Vulnerability Assessment

Vulnerability Assessment is the process of identifying network and device vulnerabilities before hackers can exploit the security holes. QualysGuard is a Managed Vulnerability Assessment Web service solution to audit networks. QualysGuard is a continuous preventive process to:

• Detect network and system vulnerabilities.
• Deliver near-instantaneous email alerts summarizing discovered vulnerabilities and trends.
• Prioritize the severity of each vulnerability on an industry-standard scale, from "watch" to "urgent", so administrators can readily determine where to deploy their security specialists for fixes.
• Recommend and make direct links to verified remedies for each vulnerability.
• Produce trend analysis in graphical form, with granular detail appropriate for both security specialists and non-technical management to track vulnerabilities over time.

WAN (Wide Area Network)

A computer network that spans a relatively large geographical area. Typically, a WAN consists of two or more local area networks (LANs) connected by a high-speed line.

Web browser

Software used to view the World Wide Web, a graphically rich presentation of information on the Internet. The most popular Web browser is Microsoft's Internet Explorer, but other browsers such as Netscape Navigator and Opera are available. To find specific sites on the Web, you enter a URL in your Web browser.

Web page

A single HTML-formatted file posted where it can be accessed via the World Wide Web.

Web site

A collection of affiliated Web pages.

WEP (Wired Equivalent Privacy)

The security aspects of 802.11b, a standard that enables wireless devices such as PDA’s and laptop computers to access a network via radio frequencies instead of physical wiring. WEP has three tasks: 1) to authenticate clients to access points; 2) to encrypt the data exchanged between the clients and access points; and 3) to include an integrity check with every packet exchanged. The initial implementation of WEP provides weak security. While it is not completely useless, it is best used as another layer of security in conjunction with stronger measures.

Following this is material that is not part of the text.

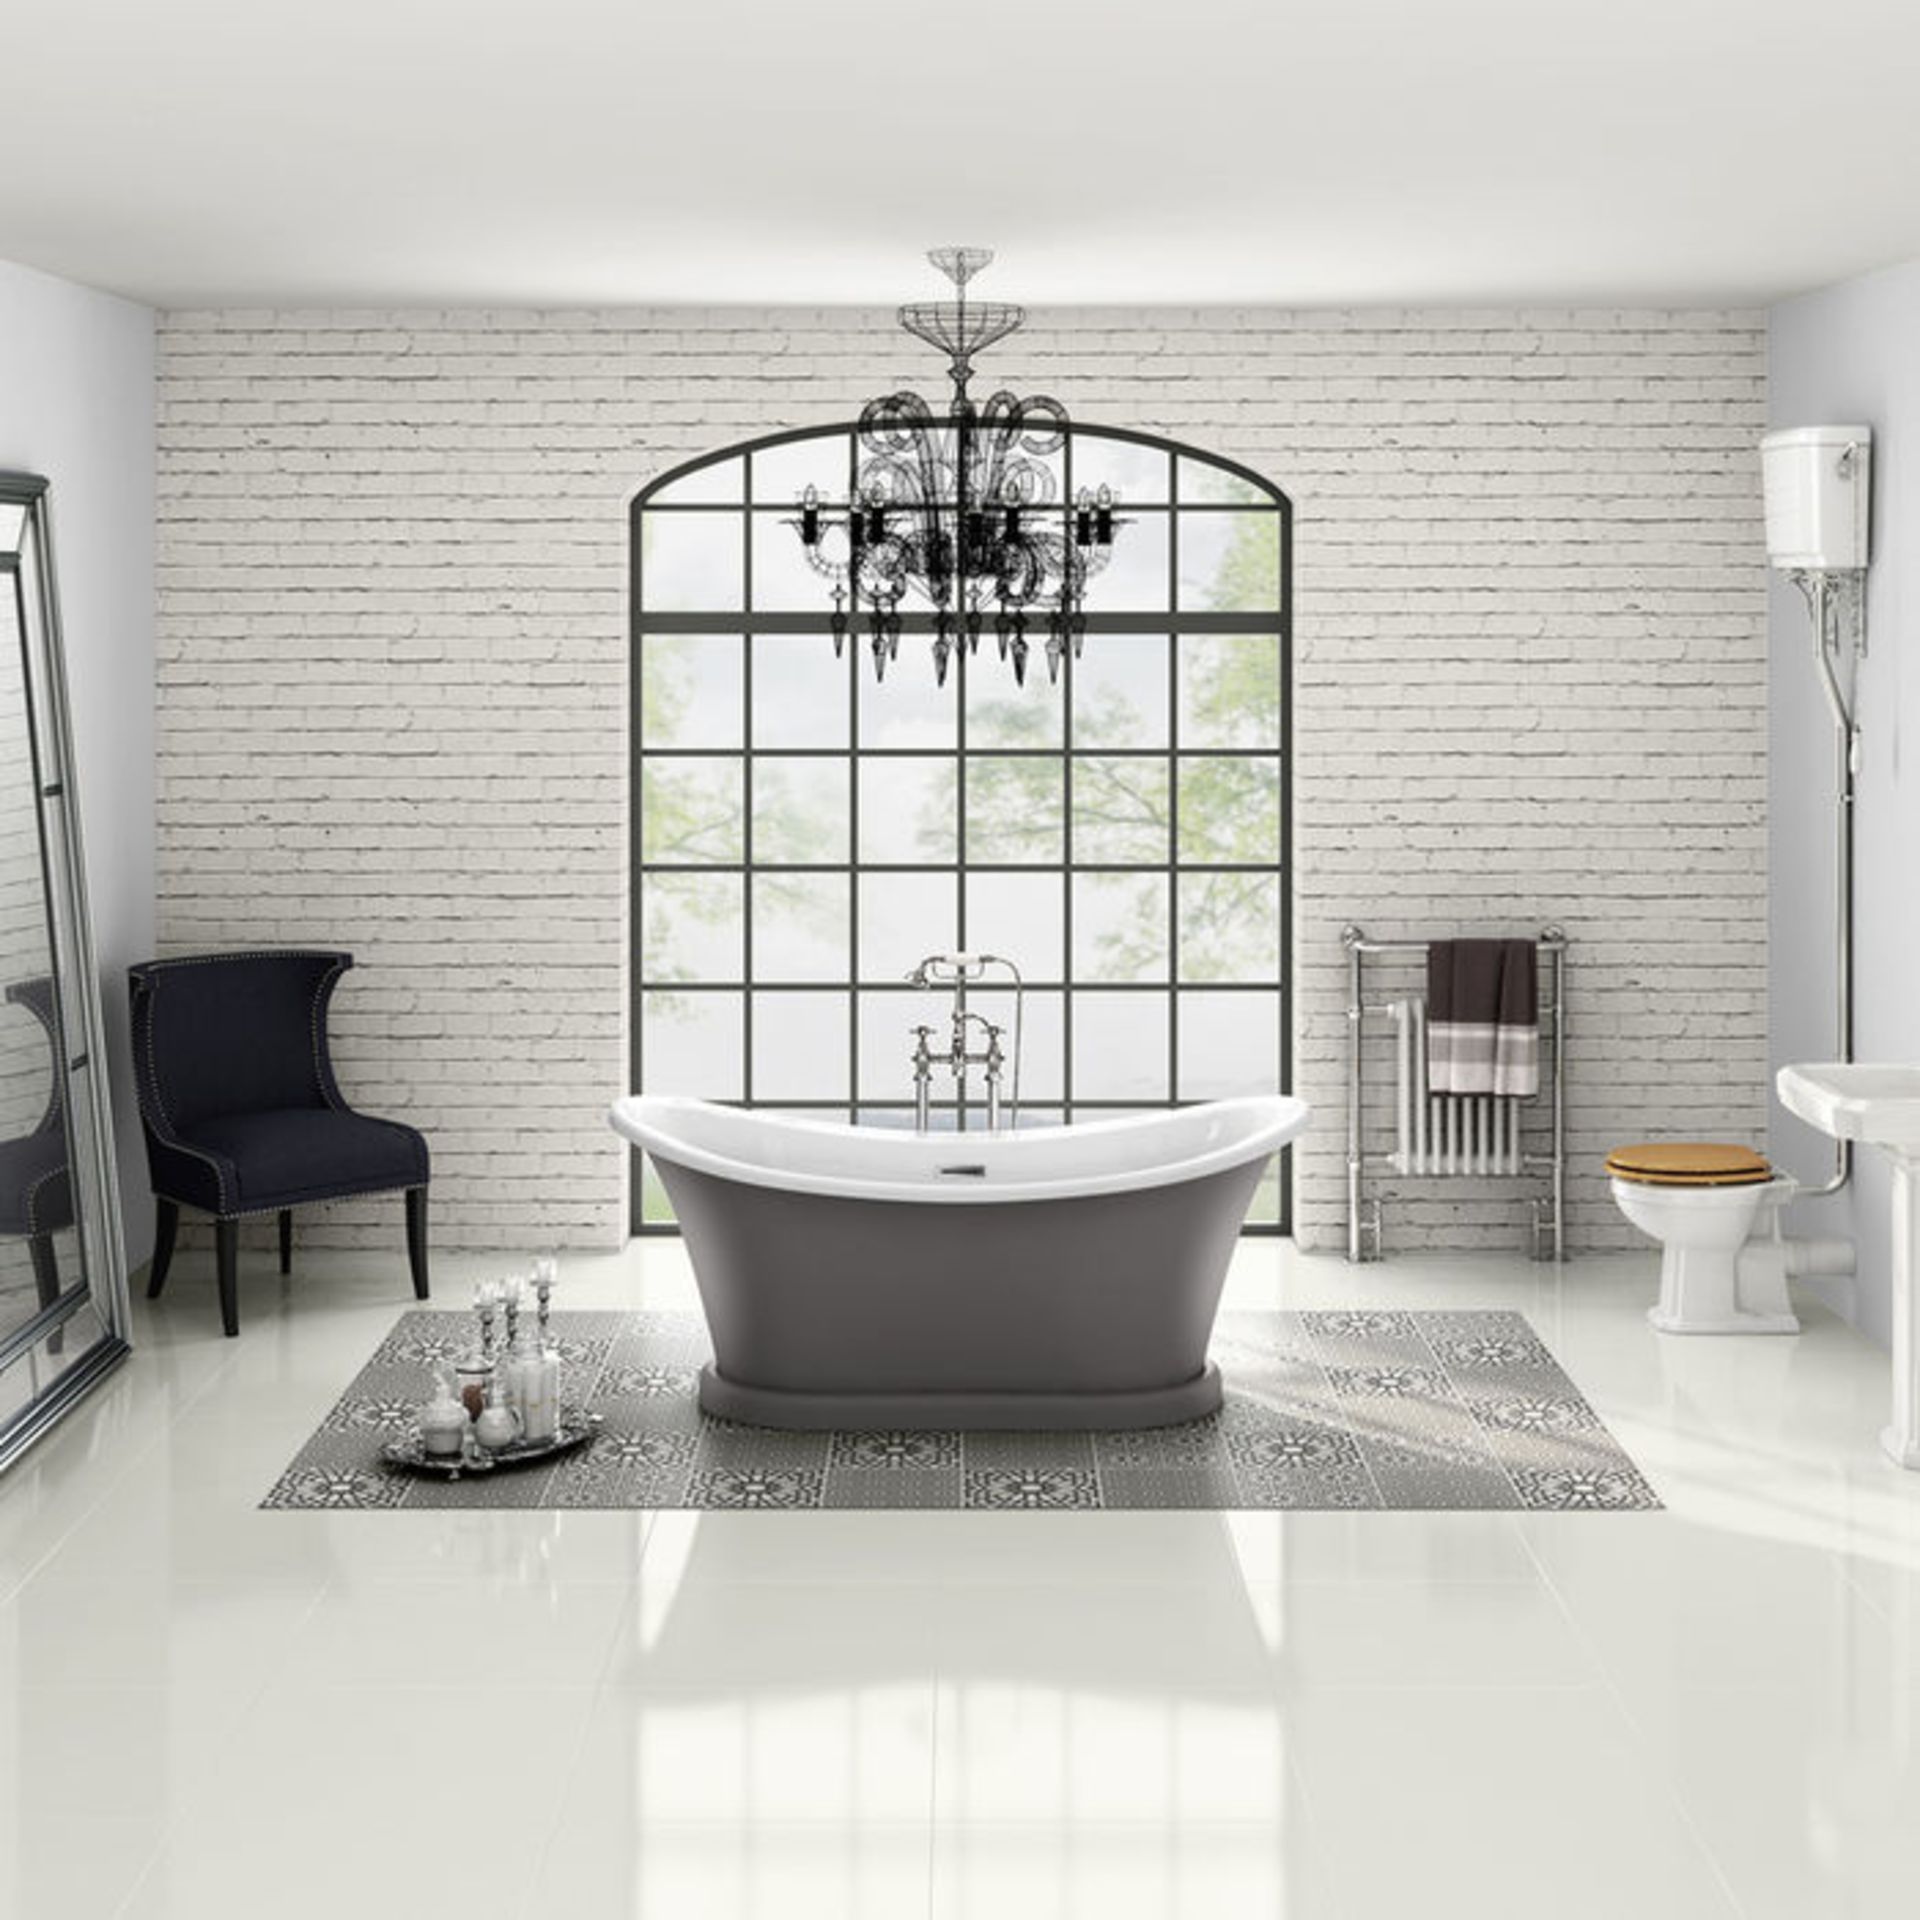 (XS3) 1700mm York Grey Bathtub. Victorian inspired bath Stunning Matte Earl Grey finish Double ended - Image 3 of 6

WINS (Windows Internet Name Service)

WINS provides name resolution for computers running Windows NT, Windows 98, and earlier versions of Microsoft operating systems. With name resolution, users access servers by name rather than needing to use IP addresses.

worm

A self-replicating program that seeks access into other computers by exploiting security flaws. After a worm penetrates another computer, it continues seeking access to other areas. Worms often steal or vandalize computer data. Many viruses are more accurately termed worms, and use e-mail or database systems to propagate themselves to their victims.